Gaussian or Normal distribution
Univariate
\[\mathcal{N}(x;\mu, \sigma) = \frac{1}{\sigma \sqrt{2 \pi}} \exp\left(\frac{-(x-\mu)^2}{2\sigma^2}\right)\]Multivariate
\[\mathcal{N}(\mathbf{x};\mathbf{\mu}, \Sigma) = \frac{1}{ ({2 \pi})^{\frac{d}{2}} \sqrt{|\Sigma|}} \exp\left\{\frac{-1}{2}(\mathbf{x}-\mathbf{\mu})^T \Sigma^{-1} (\mathbf{x}-\mathbf{\mu}) \right\}\]where \(x \in R^d, \mu \in R^d, \Sigma \in R^{d\times d}\)
\[\mu = \frac{1}{m} \sum_{i=1}^m \mathbf{x_i}\] \[\Sigma = (\mathbf{x}-\mathbf{\mu}) (\mathbf{x}-\mathbf{\mu})^T\]If \(X\) is \(n \times d\), then
\[\Sigma = \frac{(\mathbf{X}-\mathbf{\mu})^T (\mathbf{X}-\mathbf{\mu})}{n-1}\]Poisson distribution
This is used to model number of events in a given time period. The events occur randomly at a constant rate. It is a discrete probability distributions, the number of events are always non-negative integers.
Examples:
- Number of clicks on a website between 10pm-12pm.
- Number of road accidents in a city between 8am-9am.
- Number of people in a queue for a restaurant between 6pm-9pm.
Modelled as
\[P(x=x_i) = \dfrac{e^{-\lambda} \lambda^{x_i}}{x_i!}\]where \(\lambda\) is the mean number of events in that time period. As \(x\) increases, both the numerator and the denominator grows exponentially. However the denominator (factorial) first grows slowly and then grows extremely fast and ends up squashing the numerator leading the value to asymptotically vanish to 0.
See wiki for examples of computing the probabilities with the poisson distribution.
From Wiki: The Poisson distribution is also the limit of a binomial distribution, for which the probability of success for each trial equals \(\lambda\) divided by the number of trials, as the number of trials approaches infinity.
From Wolfram:
ML Measures and Metrics
Mutual information
MI of two random variables measures how much knowing one random variable reduces the uncertainty of the other random variable. If the RV are independant, then MI is 0 and if knowing one fully determines the other MI is 1. It’s defined as
\[MI(X_1, X_2) = \sum_{x_i}\sum_{x_j} P(X_1=x_i, X_2=x_j) \log \frac{P(X_1=x_i, X_2=x_j)} {P(X_1=x_i) P(X_2=x_j)}\]The above can also be thought of as the KL-Divergence loss from approximating the joint of \(X_1\) and \(X_2\) with the marginals.

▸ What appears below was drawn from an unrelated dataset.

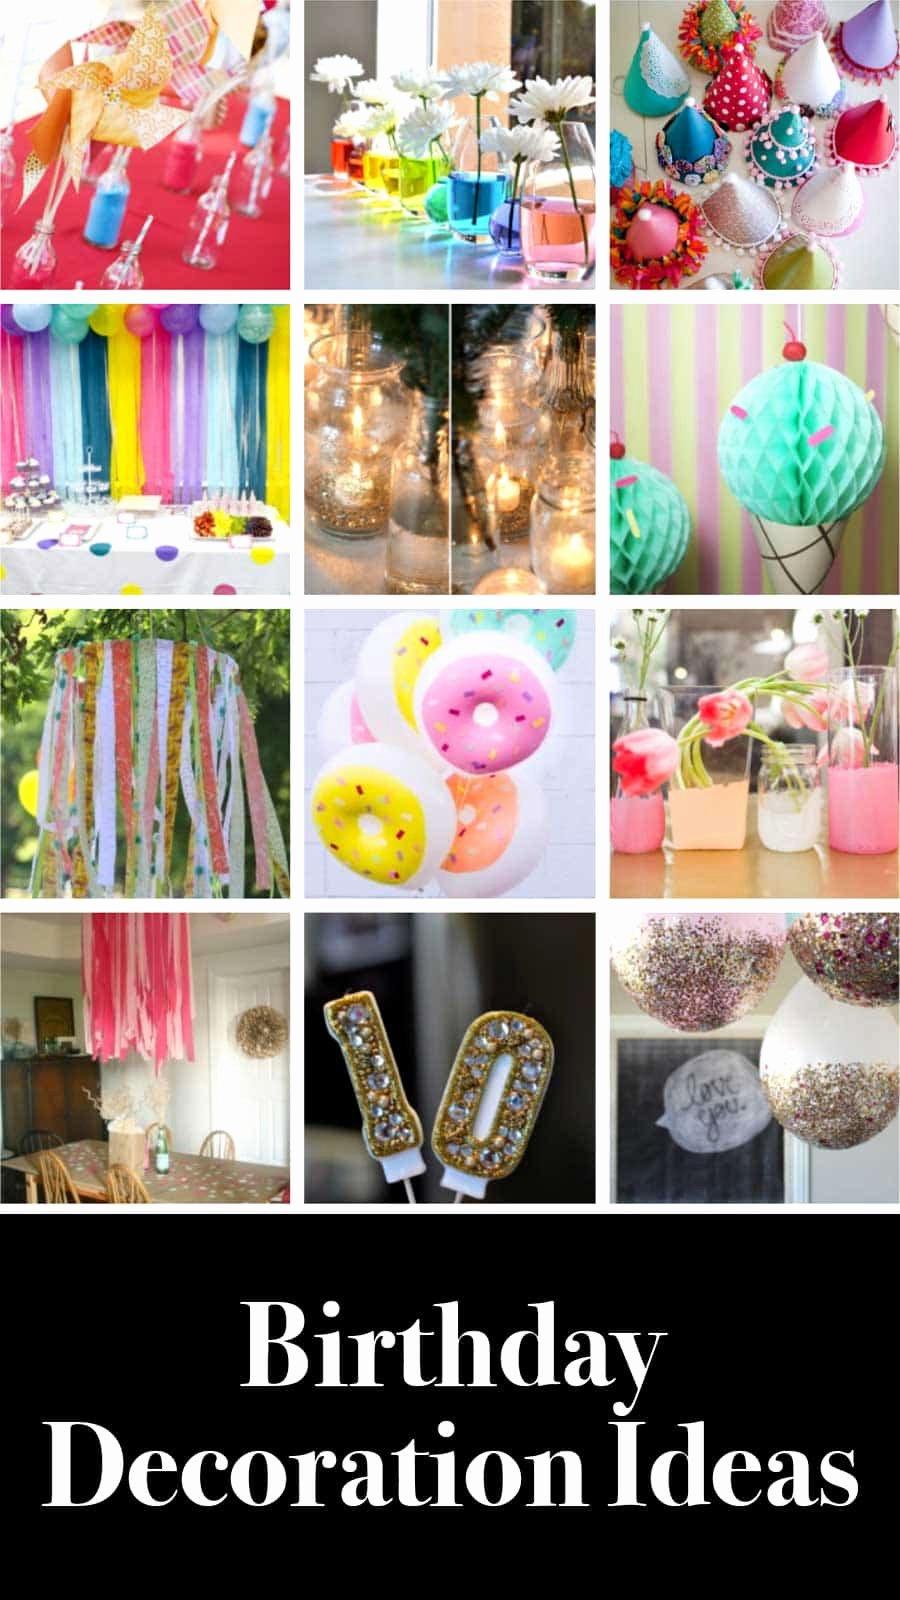 Happy Birthday Decoration Ideas at Home Unique 12 Easy Diy Birthday Decoration Ideas 2020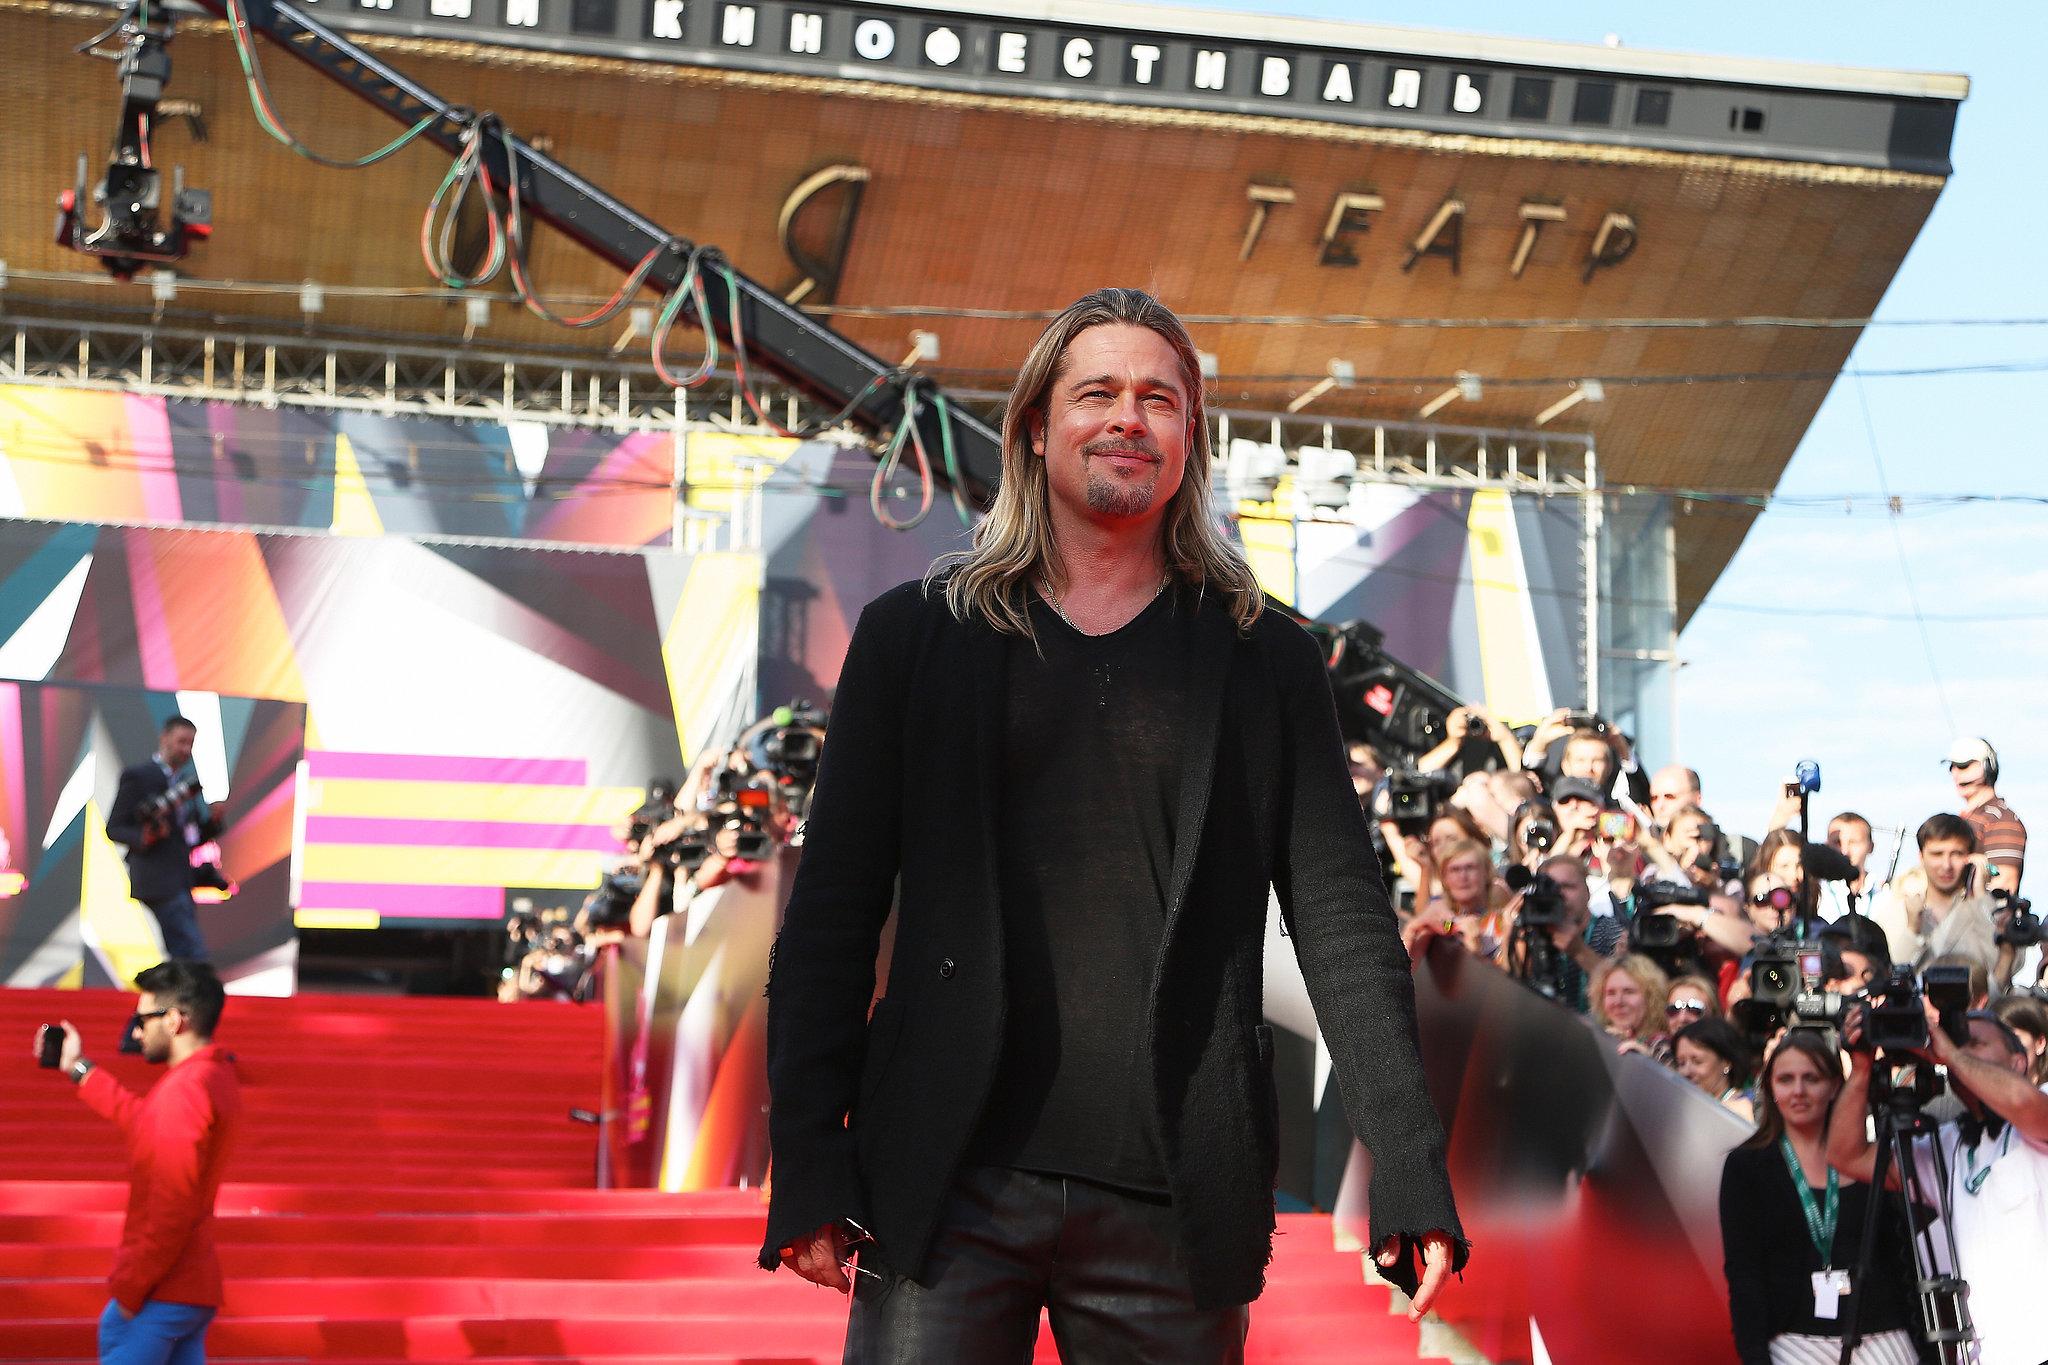 Brad Pitt attended the screening of World War Z in Russia.

Substituting the joint as the product of the marginals \(P(X_1, X_2) = P(X_1) P(X_2)\), it’s easy to see how MI will be 0 for independent RV.
Correlation coefficient
Correlation coefficient \(\rho_{xy}\) is a measure of the strength of the linear relationship of two RV. Highest correlation is at \(\rho_{xy} = \pm 1\) and when two RV are linearly uncorrelated \(\rho_{xy} = 0\).
\[\text{Pearson correlation cofficient} = \rho_{xy} = \frac{cov(x, y)}{\sigma_x \sigma_y}\]